Angene Oru Avadhikkalathu is a 1999 Indian Malayalam-language drama film directed by Mohan and written by Nedumudi Venu, Mohan and P. K. Bharathan from a story by Nedumudi Venu. It stars Sreenivasan, Samyuktha Varma, and Mukesh. The music was composed by Johnson. Angene Oru Avadhikkalathu won two Kerala State Film Awards: Best Music Director and Best Female Singer.

==Plot==
Balakrishnan ("Balan") teaches history at a primary school in a hillside community. In the same school, Nirmala was recently hired for a temporary position as a music teacher. Despite falling in love with Nirmala, Balakrishnan is too shy to admit his feelings. Balan decides to go with Nirmala to her ancestral village in an effort to grow closer to her. On the way, Balan runs across his old friend Babu, whom he hasn't seen in a long time.

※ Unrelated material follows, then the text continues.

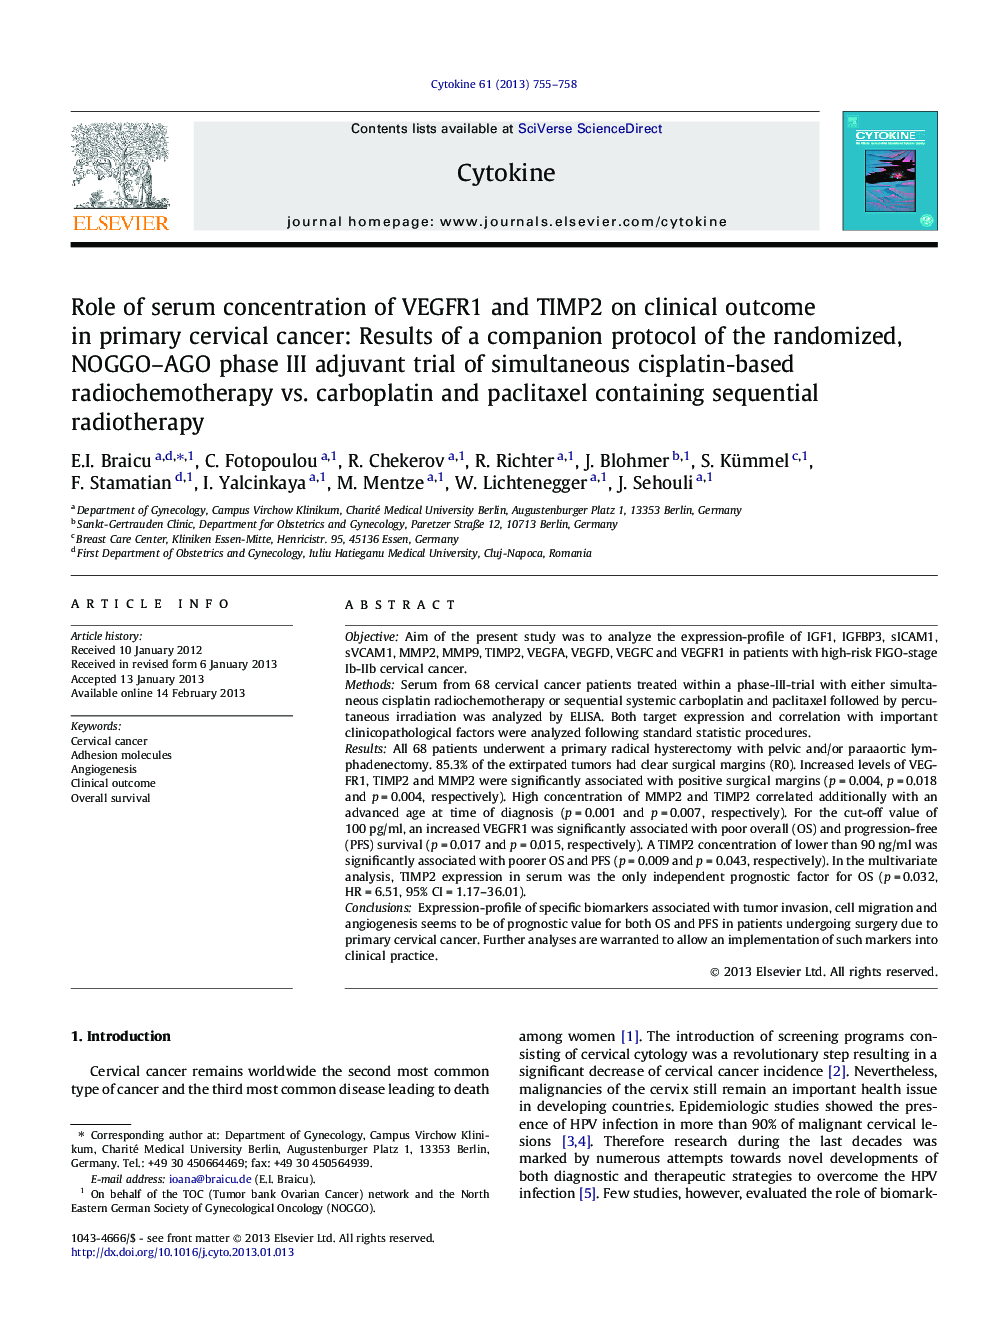 Role of serum concentration of VEGFR1 and TIMP2 on clinical outcome in primary cervical cancer: Results of a companion protocol of the randomized, NOGGO-AGO phase III adjuvant trial of simultaneous cisplatin-based radiochemotherapy vs. carboplatin and pac

Balan and Nirmala are brought to a hotel by Babu. Balan calls an ambulance when Nirmala passes out there. Nirmala requests Balan to drop her off at the bus stop once she has recovered. Balan agrees after observing her distress. When Teena arrives, she claims that her father's close friend, Papachan, has been pressuring her to sleep with one of his wealthy friends. She approaches Balan, terrified, for assistance. Teena accepts Balan and Nirmala's invitation to go with them.

Teena gets hurt when the group is attacked by goons on their route. Teena is alleges that she is assaulted by Balan. Even Nirmala accuses Balan to protect herself, which really hurts him. Balan is imprisoned.

Balan encounters Nandakumar (referred to as "Nandan") on the bus after leaving prison and tells him everything that happened. The two get along quite well, and Nanda gets Balan a great job. Balan is unaware that Nanda is about to marry Nirmala.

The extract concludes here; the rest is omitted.